Sıhhat Bakanlığı’nın öncülüğünde hayata geçirilen uzunluk, kilo ve beden kitle indeksi uygulaması, Ankara’da uygulanmaya başlandı.15 Temmuz Kızılay Ulusal İrade Meydanı’nda kurulan bilgilendirme stantlarında, vatandaşların beden kitle indeksi kıymetleri ölçüldü. Yapılan ölçümlerin akabinde beden kitle indeksi pahaları fazla çıkan vatandaşlar, sıhhat işçisi tarafından sağlıklı hayat merkezlerine ve aile sıhhat merkezlerine yönlendirildi.
İstanbul’da Refika ve Beytullah Yuva çiftinin çocukları 14 yaşındaki Abdulsamet, 12 yaşındaki Havva Parıltı ve 11 yaşındaki Mislinan, yaklaşık 10 yıl evvel yakın aralıklarla yakalandıkları lenfomayla olan uğraşlarını, anneleri ve dışarıdan uyumlu donörün bulunmasıyla kazandı.

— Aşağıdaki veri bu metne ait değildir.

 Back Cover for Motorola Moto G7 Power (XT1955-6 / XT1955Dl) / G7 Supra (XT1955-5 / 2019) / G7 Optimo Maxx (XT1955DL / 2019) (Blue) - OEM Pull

Cumhurbaşkanı Erdoğan, Anneyle Güçlü Aile, Aileyle Güçlü Türkiye Programı’na katıldı. ‘Kadına şiddete tolerans yok’ diyen Erdoğan, “Yüreğimizi dağlayan cinayetlerin failleri gereken cezayı alacak” açıklamasında bulundu. ‘Müjdeleri her an alabilirsiniz’ sözlerini kullanan Erdoğan, “Bizi ayrıştırmaya çalışanlara karşı saflarımızı sıklaştıracağız” dedi.

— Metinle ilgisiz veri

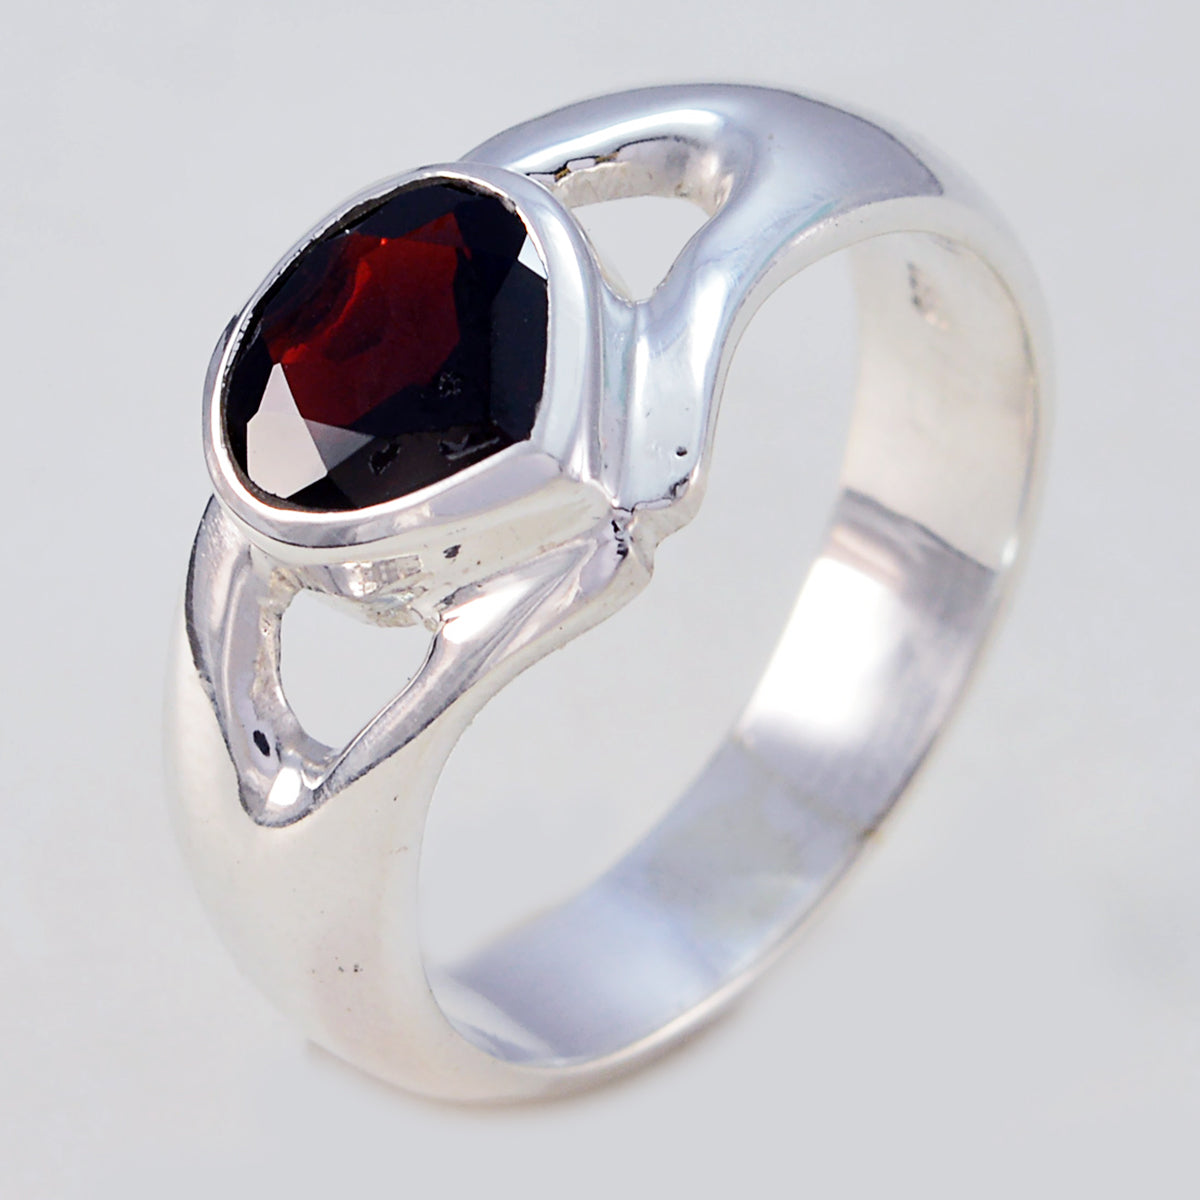 Splendiferous Gems Garnet Sterling Silver Rings Gift Valentine'S Day

Dilediğiniz üzere kızabilirsiniz bana tekrar bugün. Zira algıların yönettiği bir alanda tehlikeli cümleler kurmak istiyorum. Dahası kendimi buna mecbur hissediyorum. Şuradan başlayayım. “Aile içi şiddet” kavramının bir algısı, bir de olgusu var memlekette. Durum bu türlü olmasa anketlerde “Türkiye’de aile içi şiddet var mıdır?” sorusuna yüzde 86 ile “evet” karşılığı verilmez. Üstelik anonim olarak “siz ya da birinci dereceden bir tanıdığınız aile içi şiddete maruz kaldı mı?” sorusuna verilen karşılığa “evet”

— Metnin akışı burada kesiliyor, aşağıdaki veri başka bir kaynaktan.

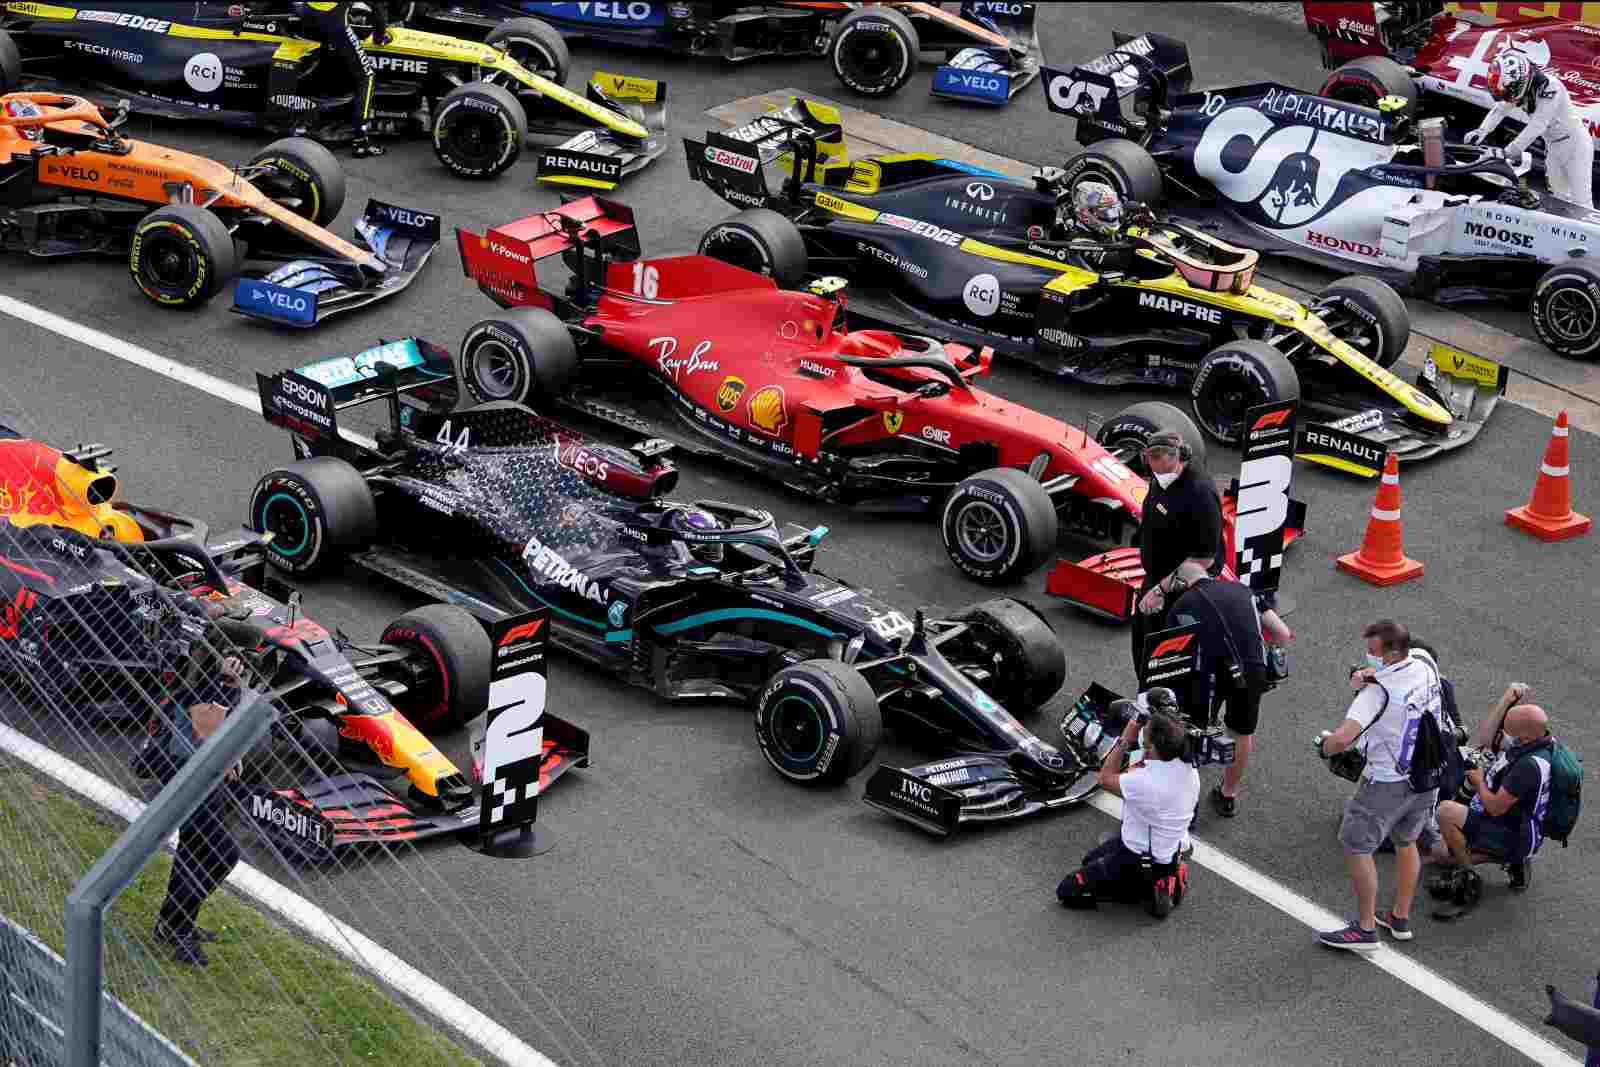 Carros estacionaram no parque fechado, com destaque para a Mercedes de Hamilton com pneu furado

Radyo ve Televizyon Üst Kurulu Lideri Ebubekir Şahin, “Medya artık sırf bilgi aktaran ve bu bilgilerin yaygınlaşmasını sağlayan bir araç değil; kültürel kodları şekillendiren, ferdî algıları yönlendiren ve toplumsal dönüşümü etkileyen çok güçlü bir mekanizmadır” dedi.